=== Supplied information ===
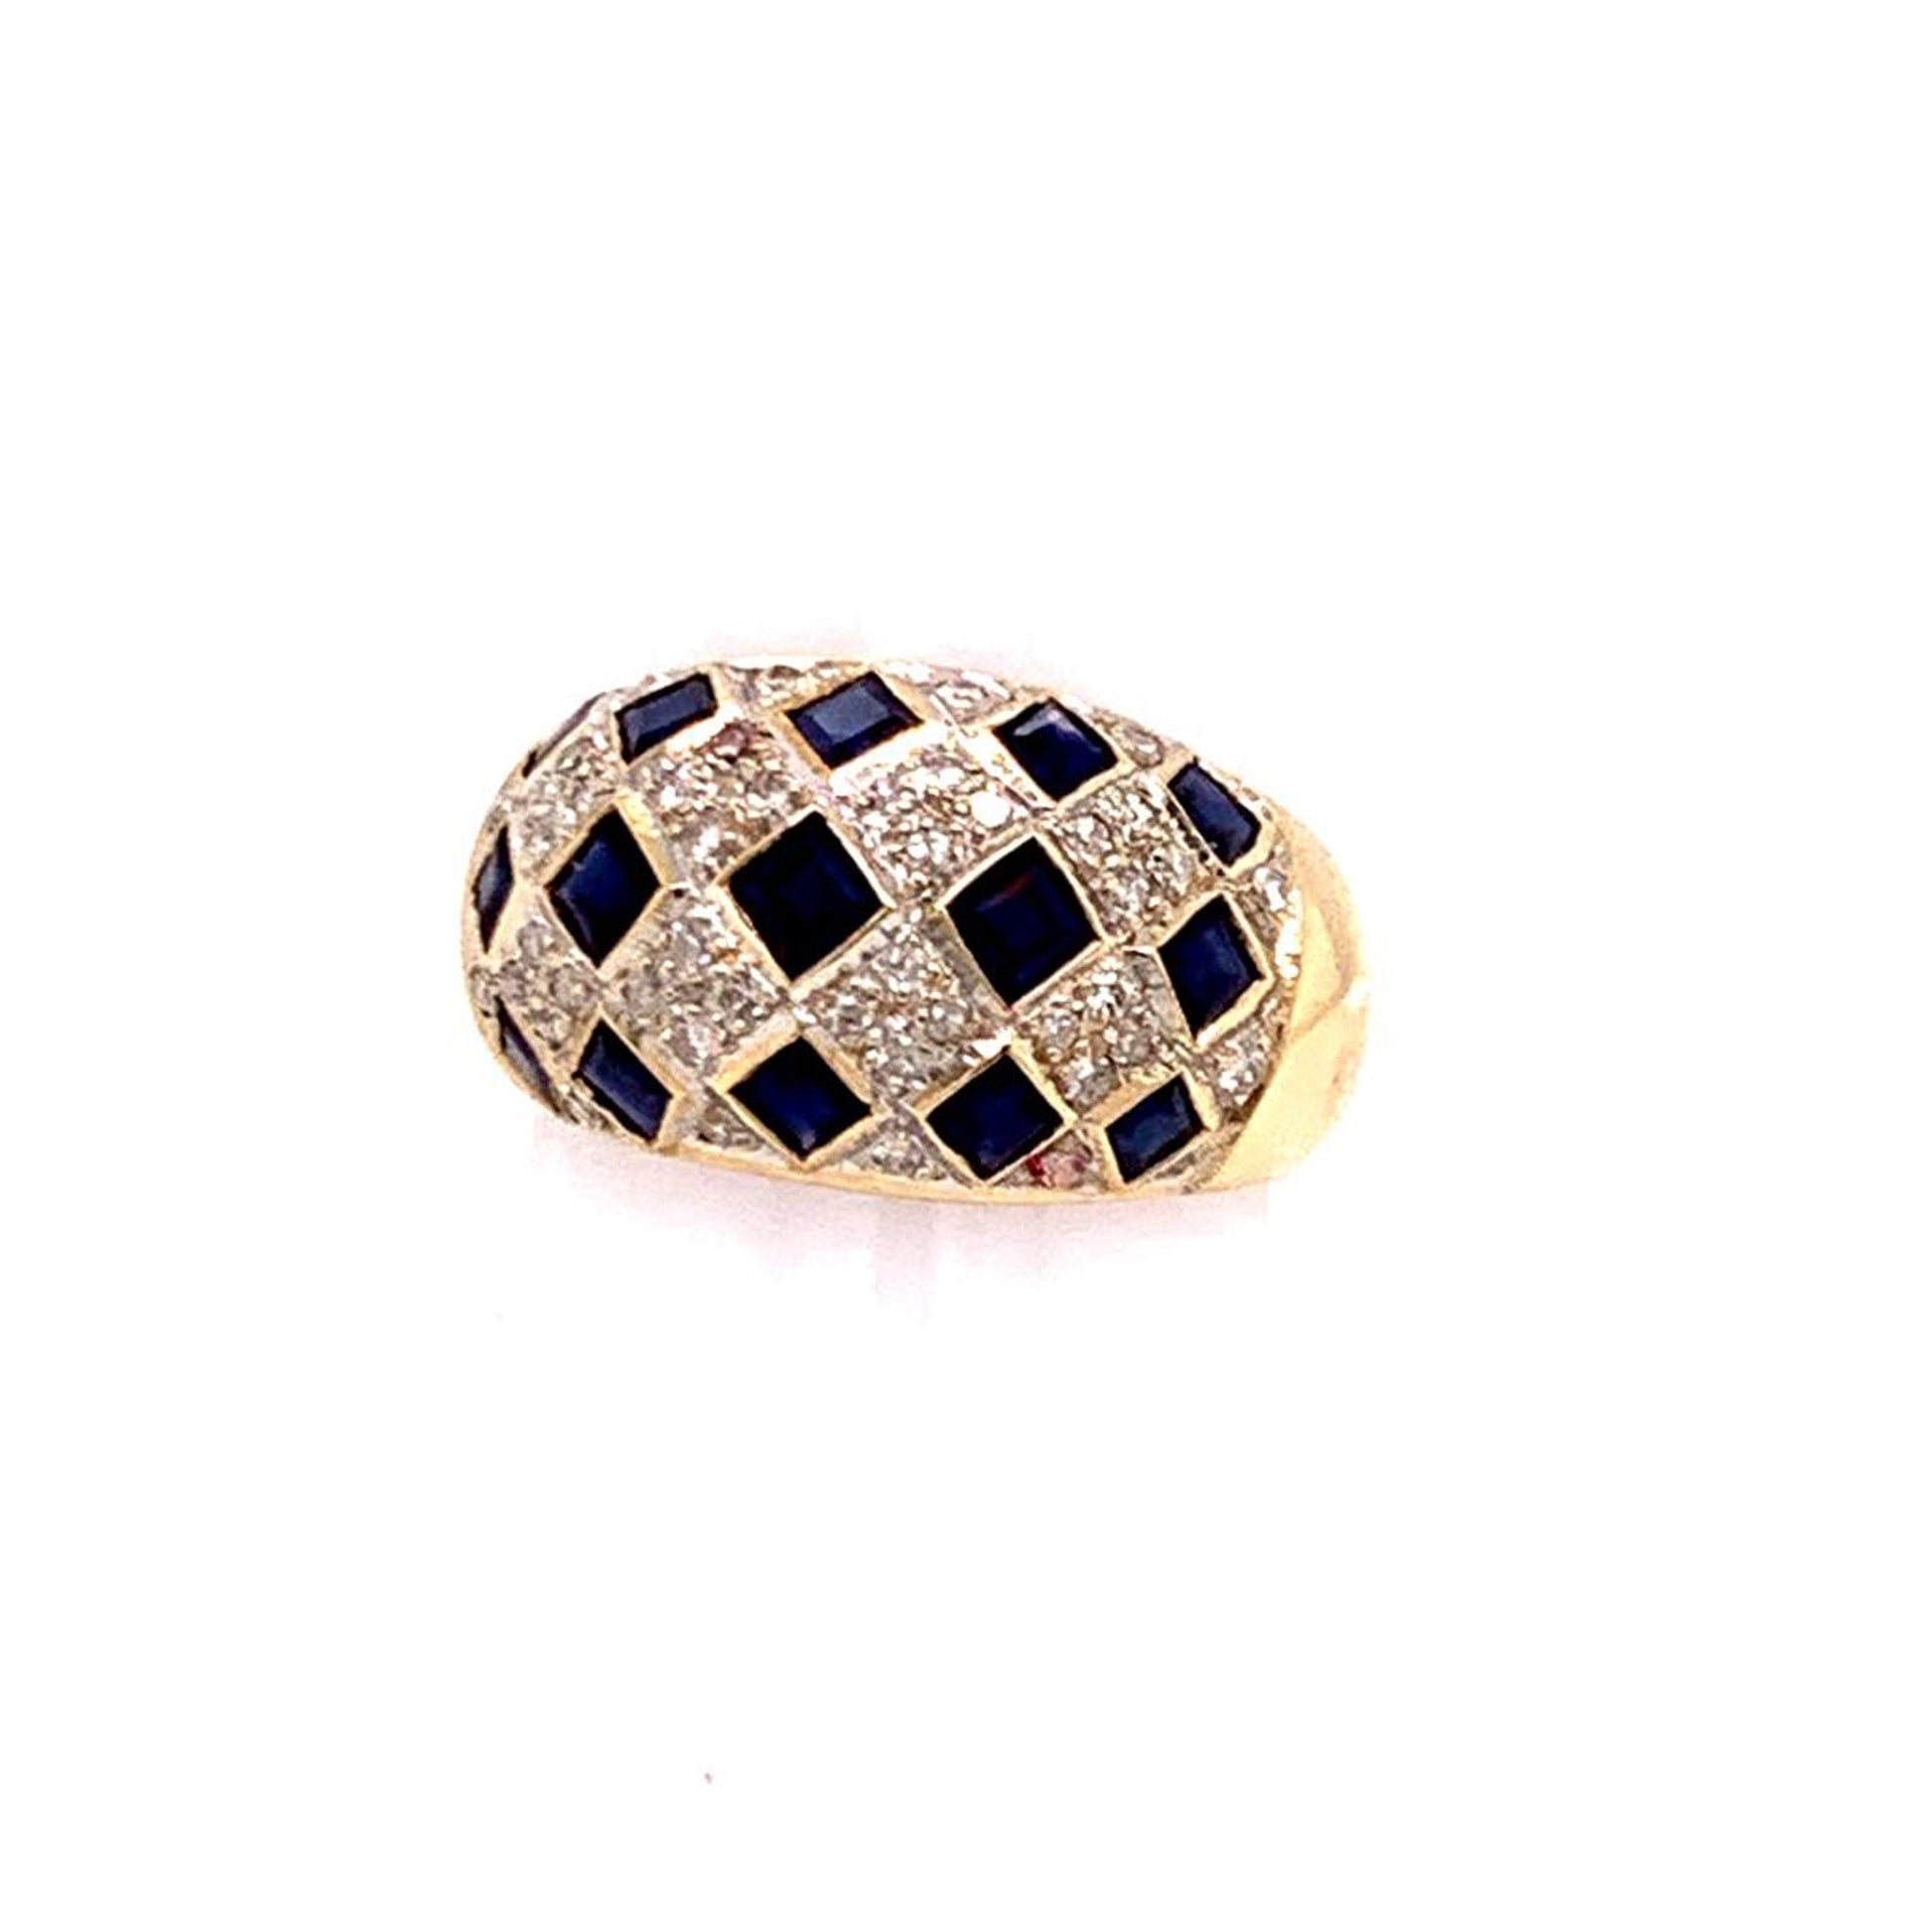 Diamond Sapphire Ring 14k Gold 2.14 TCW Checkerboard Certified $2,850 606974 - Certified Fine Jewelry
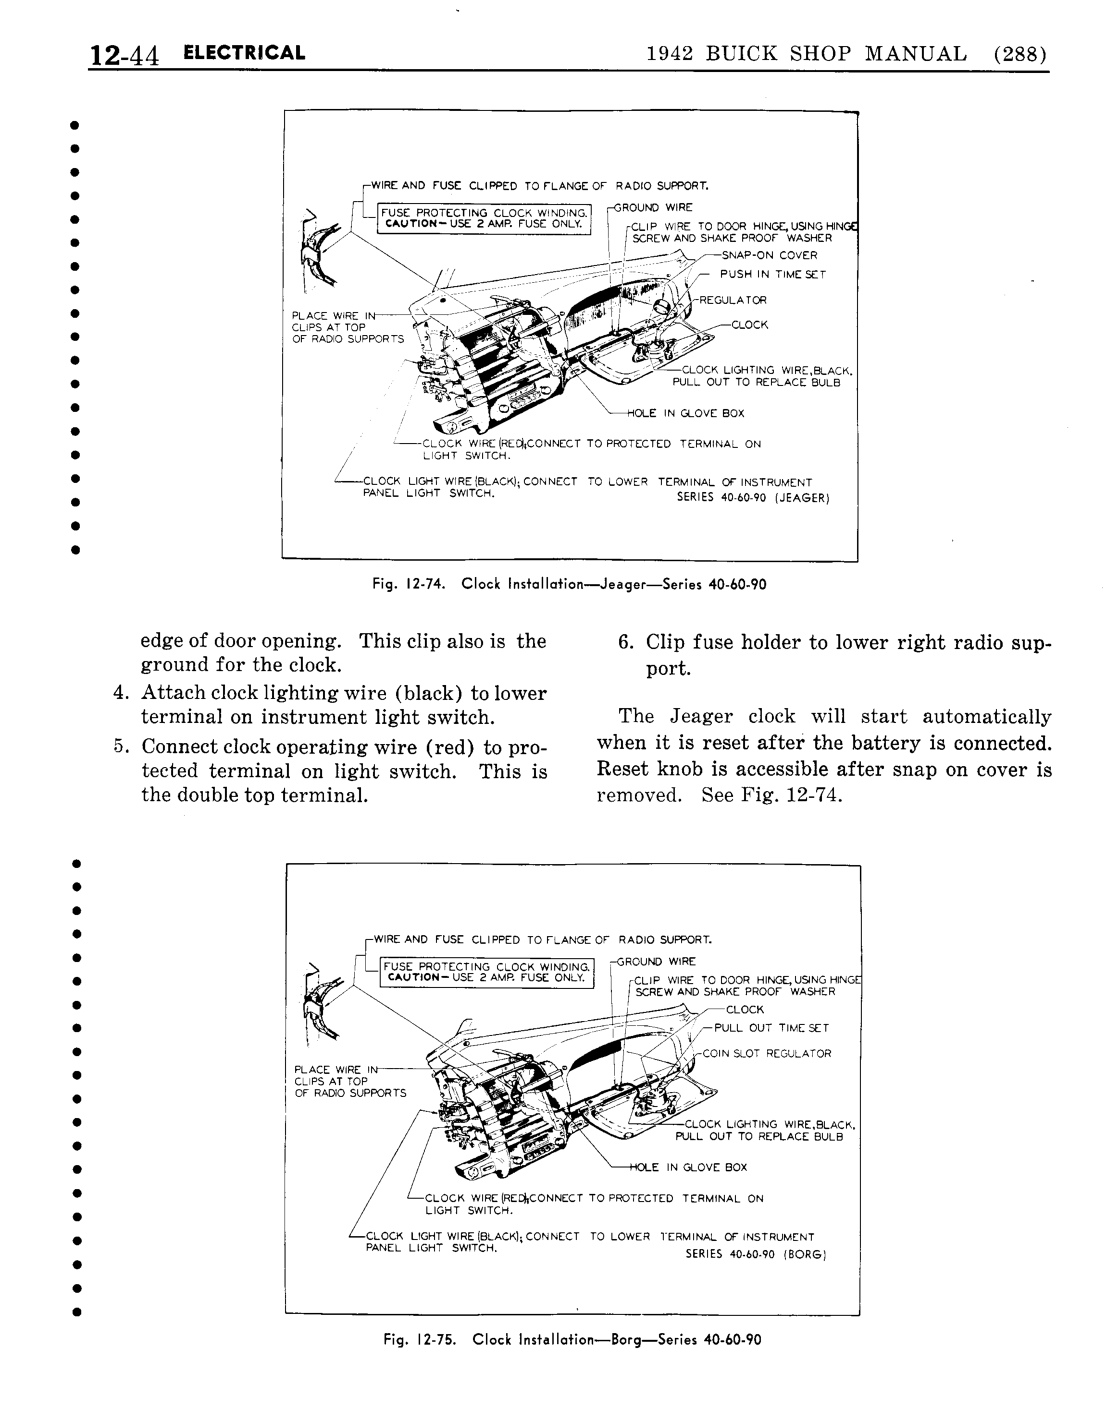 n_13 1942 Buick Shop Manual - Electrical System-044-044.jpg
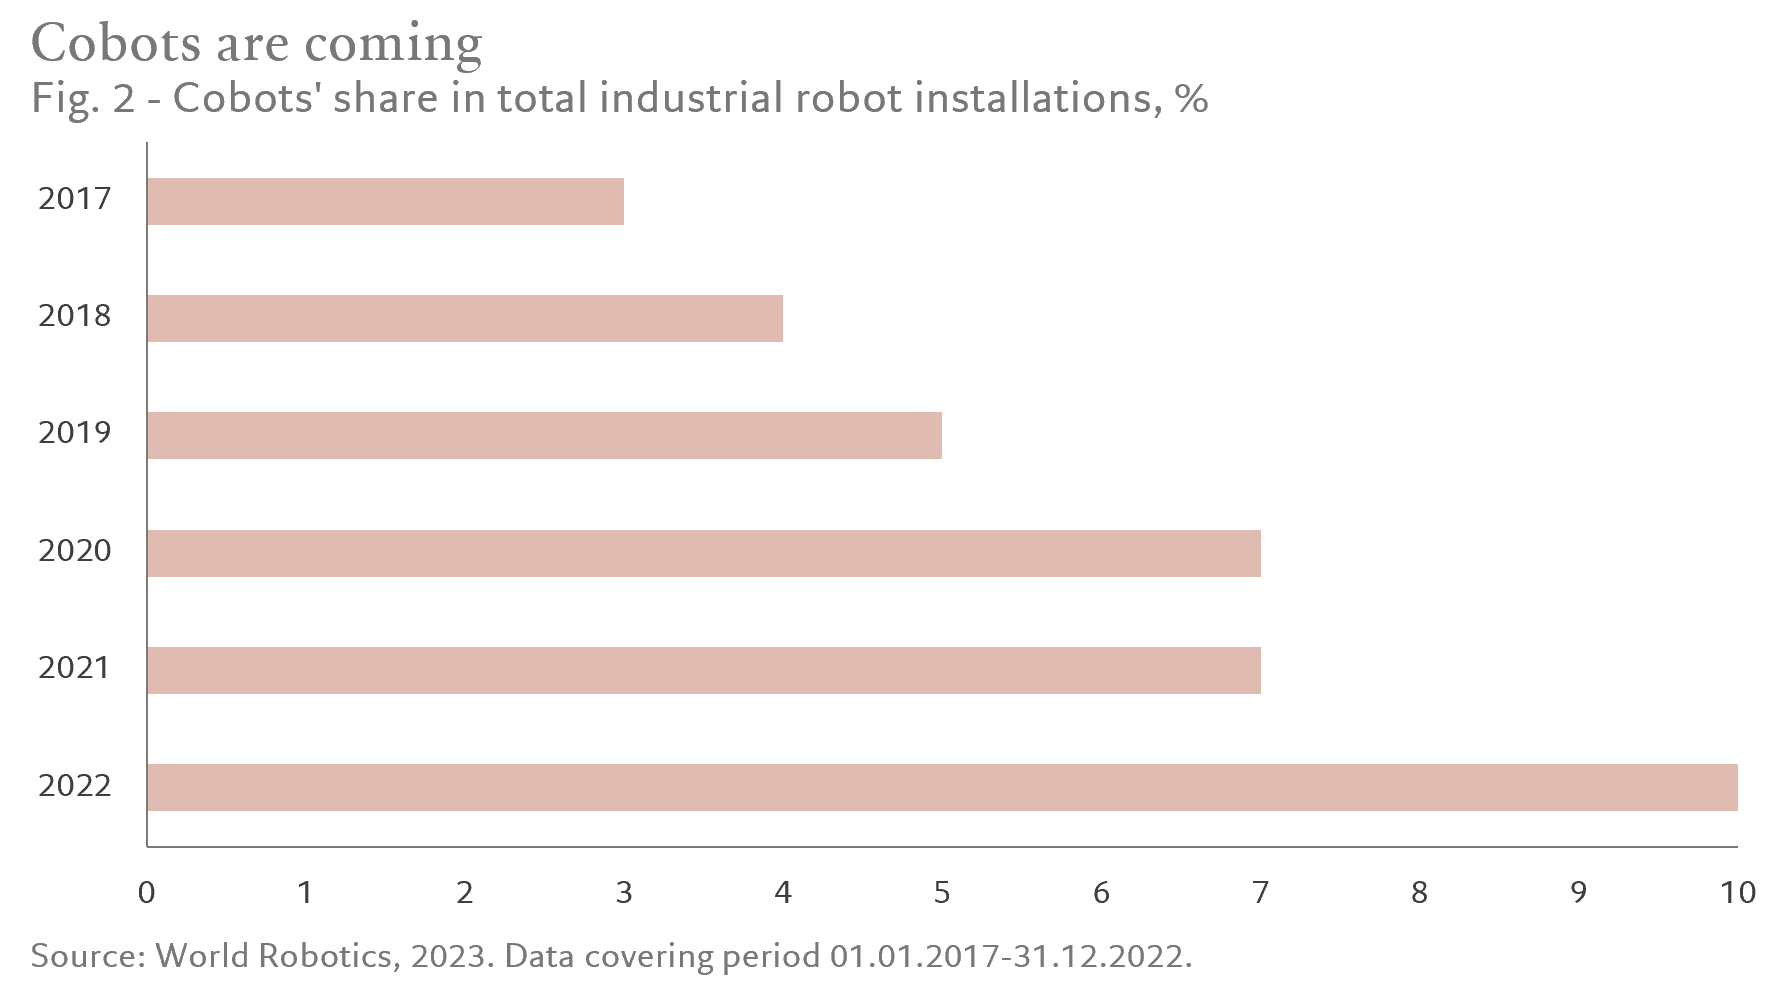 Source: World Robotics, 2023. Data covering period 01.01.2017-31.12.2022.
===
- **Requirement**: Transcribe all of the listing precisely. The images stay out of it.

- **Your solution**:
 Diamond Sapphire Ring 14k Gold 2.14 TCW Checkerboard Certified $2,850 606974 - Certified Fine Jewelry
 n_13 1942 Buick Shop Manual - Electrical System-044-044.jpg
 Source: World Robotics, 2023. Data covering period 01.01.2017-31.12.2022.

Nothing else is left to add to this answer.